Somente dois meses após essa “cruzada popular” começaram a chegar a Constantinopla os primeiros exércitos liderados por nobres. Esses homens estavam interessados em mais do que um lugarzinho no céu. “Nessa época, a Europa vivia um boom populacional e a pressão pela posse de terras era muito grande”, diz a historiadora da Idade Média Fátima Fernandes, da UFPR. “Os filhos de nobres que não eram primogênitos só podiam enriquecer por meio de um bom casamento, algo cada vez mais difícil. As cruzadas abriram uma esperança para eles”, diz ela.

Até que foi fácil

O primeiro líder nobre a chegar a Constantinopla, em dezembro de 1096, foi o conde Hugo de Vermandois, primo do rei da França, que veio pelo mar com seus cavaleiros e soldados. Logo depois, vindo pela mesma rota, aportou o duque da Baixa-Lorena, Godofredo de Bouillon, acompanhado de irmãos e primos. Para financiar sua participação na cruzada, Godofredo vendera seu castelo – o que prova que não pretendia voltar para casa.

Em abril de 1097, cerca de 40 mil homens atravessaram o estreito de Bósforo (que separa a Europa da Ásia) sem encontrar resistência. O governante muçulmano, o sultão turco Kilij Arslan, iludido pela facilidade com que havia derrotado os pobres cruzados do Eremita, estava mais preocupado com disputas internas com vizinhos muçulmanos do que com a chegada de um novo contingente de cristãos. Como o sultão iria perceber apenas tarde demais, esse seria o maior erro de sua vida.

Dessa vez, bem equipados com escudos, armaduras e cavalaria, os cruzados cercaram e tomaram Nicéia, devolvendo-a aos bizantinos. Em outubro de 1097, eles chegaram a Antióquia, conquistando aquela que havia sido uma das principais cidades do Império Romano. Seis meses depois, os cristãos partiram em direção a Jerusalém. A essa altura, restavam 13 mil homens, um terço do contingente inicial. Após um mês de cerco, em 13 de julho de 1099, os cruzados conseguiram finalmente entrar na cidade santa. No dia 15 venceram as últimas resistências.
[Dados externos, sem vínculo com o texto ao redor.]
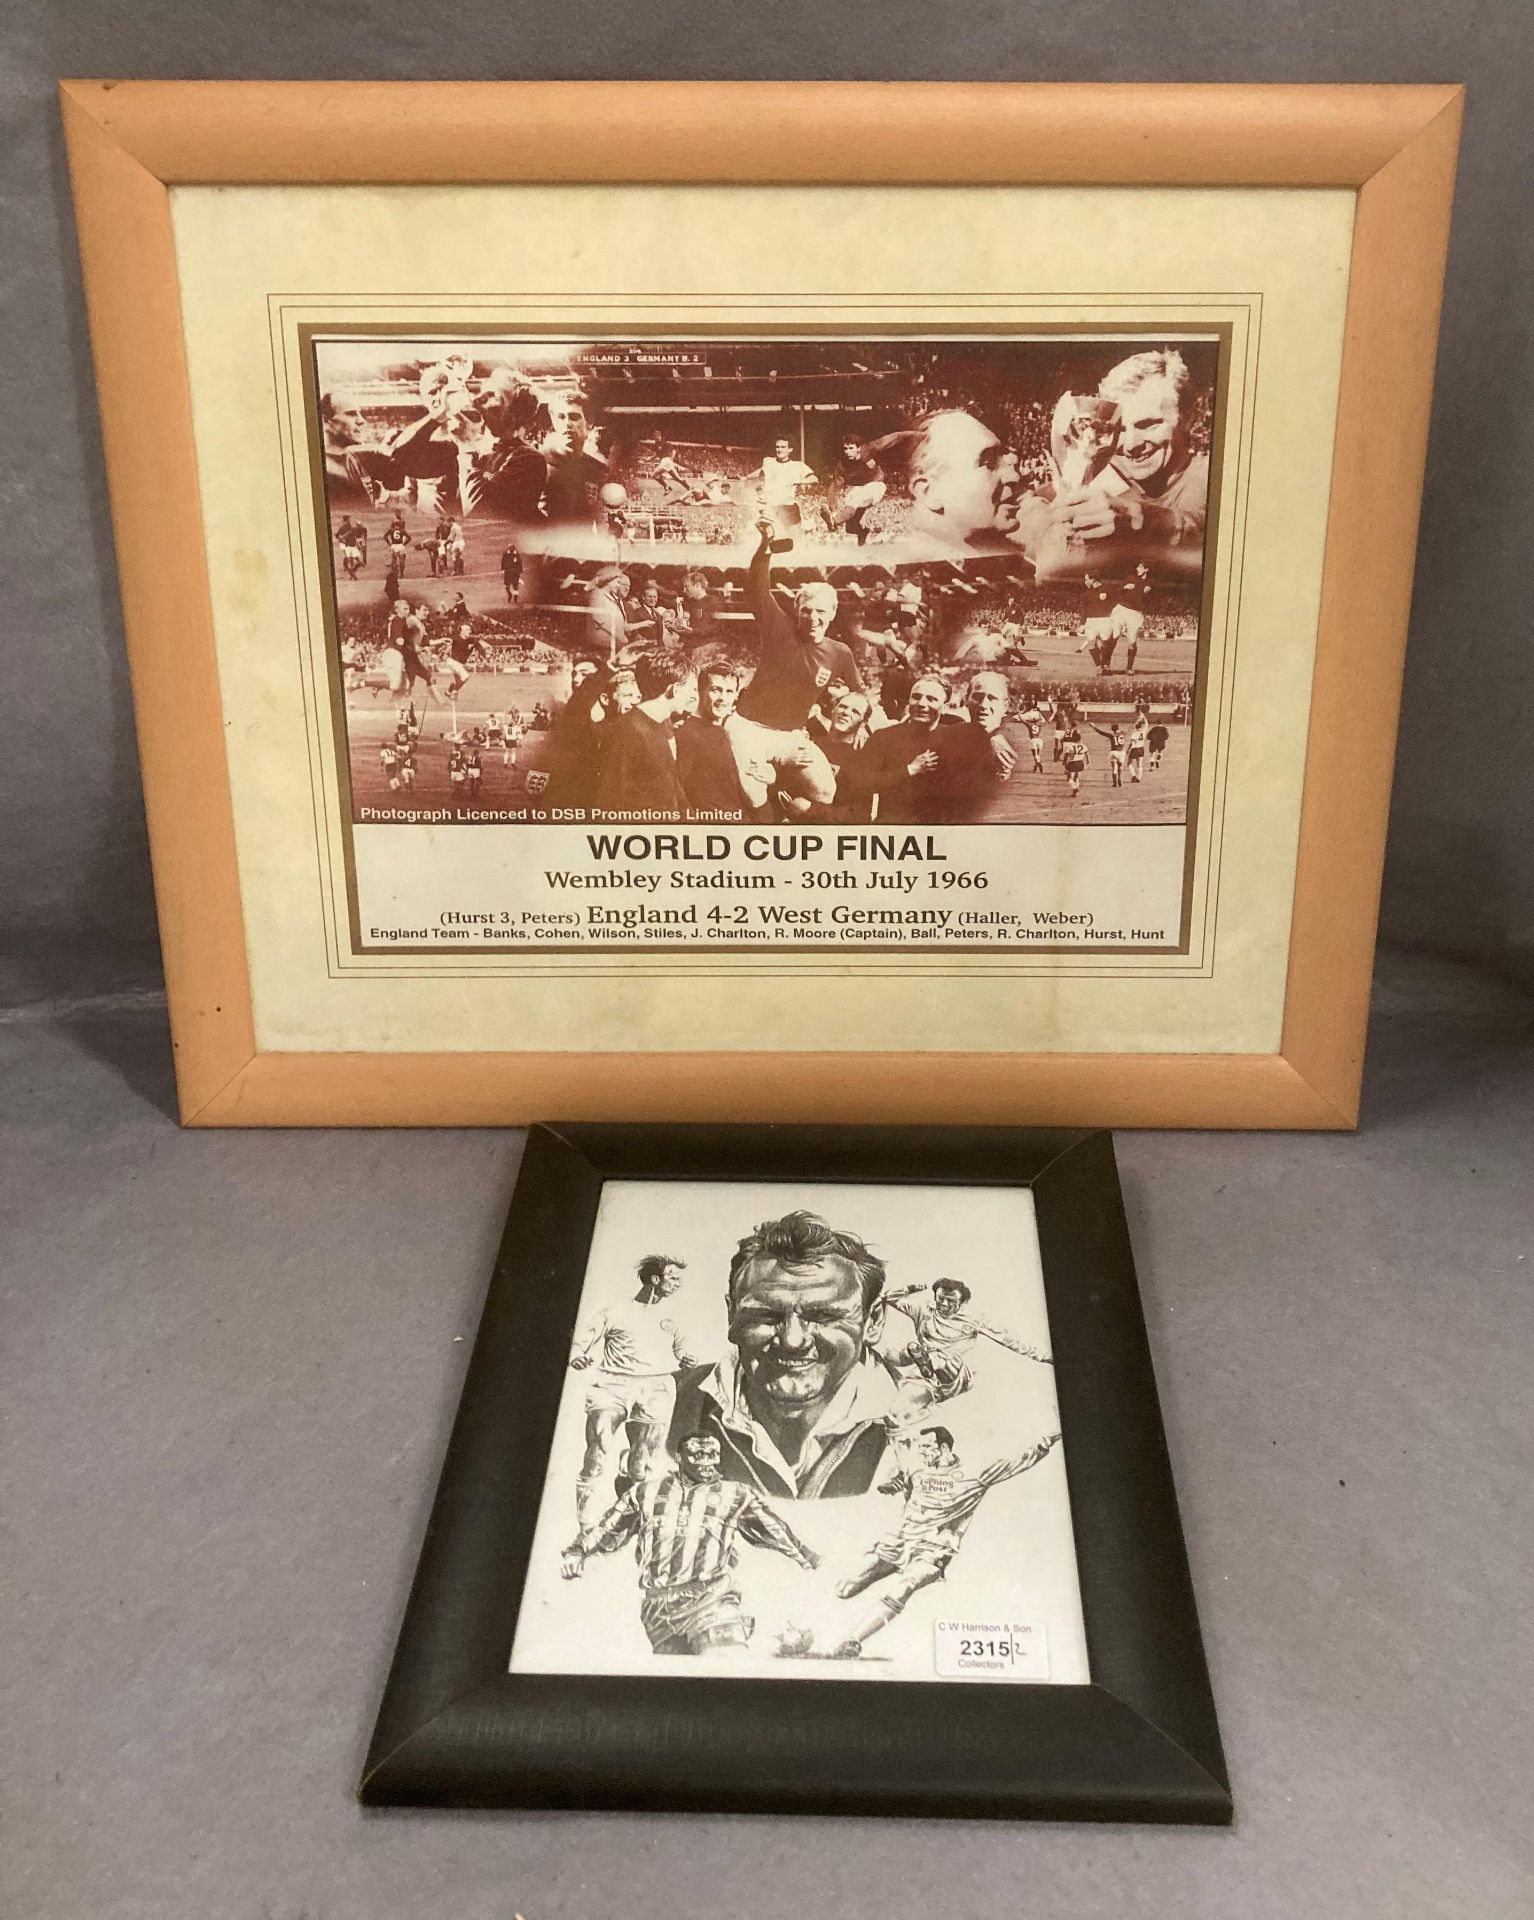 A framed photo print collage World Cup Final Wembley Stadium - 30th July 1966 30 x 40cm and a small

Para a maioria deles, a conquista fora um milagre. Menos de quatro anos após a pregação em Clermont, os cristãos vitoriosos saíam em procissão para o Santuário do Santo Sepulcro, onde Cristo teria ressuscitado. O papa Urbano II morreu duas semanas depois, sem ter recebido a boa notícia da vitória. Mas ele também foi poupado das más notícias que chegariam depois.

Derrota após derrota

Foram criados quatro Estados cristãos nos territórios conquistados. Ao sul, o mais importante, o Reino de Jerusalém, governado por Godofredo de Bouillon. Um pouco acima estavam o Estado de Trípoli, o Principado de Antióquia e o Condado de Edessa. Os chefes desses Estados logo perceberam que a permanência lá não seria fácil.

Os governantes cristãos logo perderam o apoio dos bizantinos, porque se recusavam a reconhecer a soberania do Império na região e não haviam demonstrado nenhum escrúpulo em substituir os patriarcas da Igreja Ortodoxa Bizantina por bispos oriundos da Igreja Católica Romana. Para piorar, não havia soldados suficientes para a formação de grandes exércitos. Logo após a conquista de Jerusalém, milhares de cavaleiros regressaram à Europa.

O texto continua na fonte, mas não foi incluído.